Una mano en el hombro reclamó entonces la atención de Kaeso.

–Me parece que esta noche has bebido demasiado vino -dijo Escipión-. Se te ve sofocado.

De pronto, Kaeso buscó en el interior de su túnica y extrajo un pedazo de pergamino fuertemente enrollado. Se lo entregó a Escipión. – ¿Qué es esto?

–Un regalo de despedida -dijo Kaeso-. No, no lo desenrolles ahora. Léelo después. – ¿Qué es?

–Le encargué un poema a Ennio. Sé que es tu favorito. – ¿Escrito especialmente para la ocasión? ¿Por qué no lo leíste en voz alta durante la cena?

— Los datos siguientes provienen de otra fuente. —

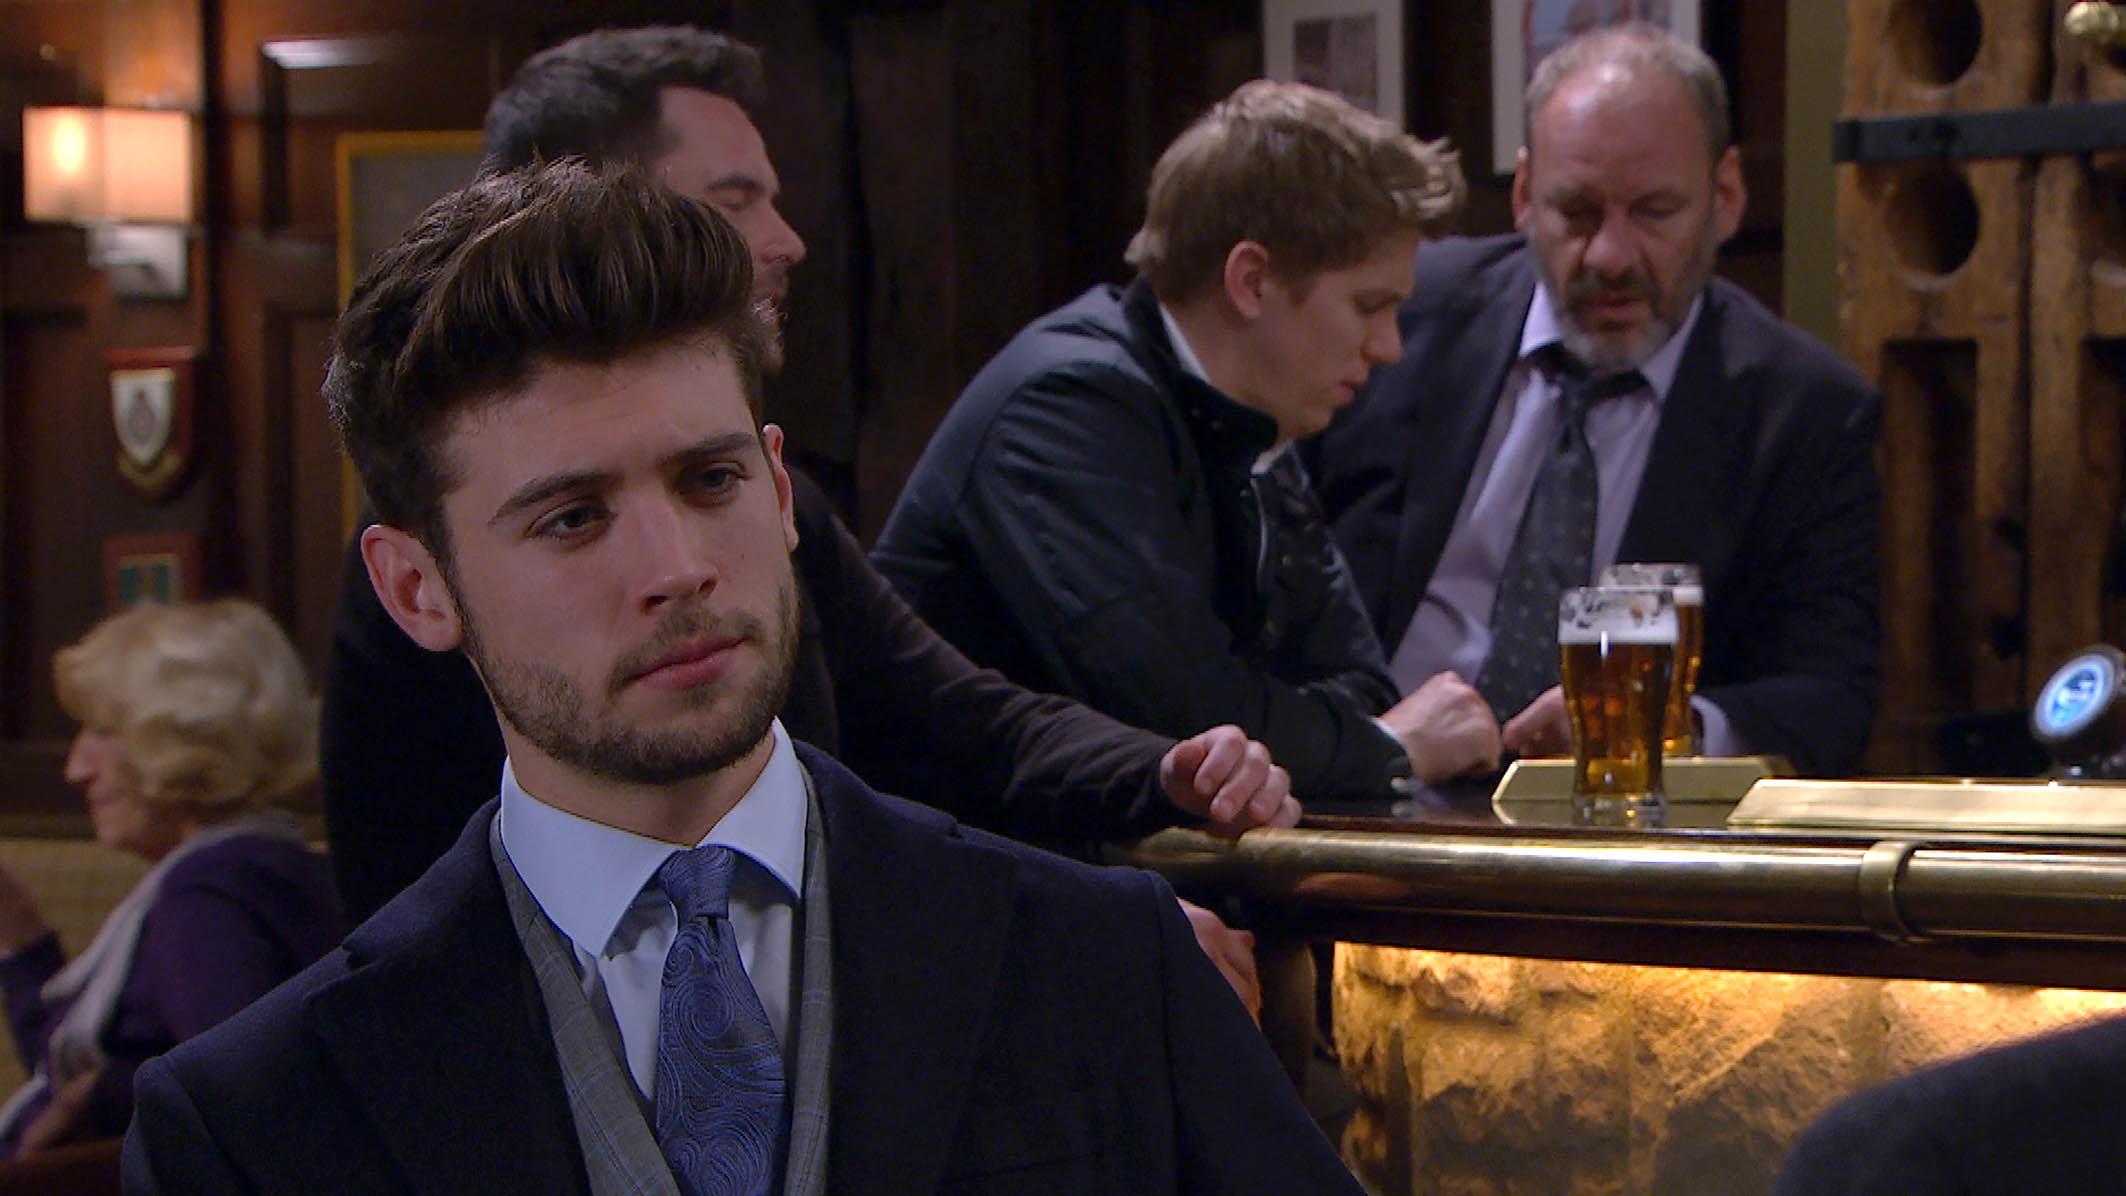 Joe plots against Robert and Aaron

Podría haberle añadido algo de brillo a la velada.

Kaeso se puso aún más colorado. El poema no era algo que quisiese compartir ante la mirada ceñuda de Máximo.

–Ennio es un hombre de batalla, como tú. El poema es una llamada a las armas. Impresionante, te lo aseguro. Nadie lo hace mejor que Ennio.

–Un día de éstos se hará tan famoso como Homero, recuerda lo que te digo -dijo Escipión.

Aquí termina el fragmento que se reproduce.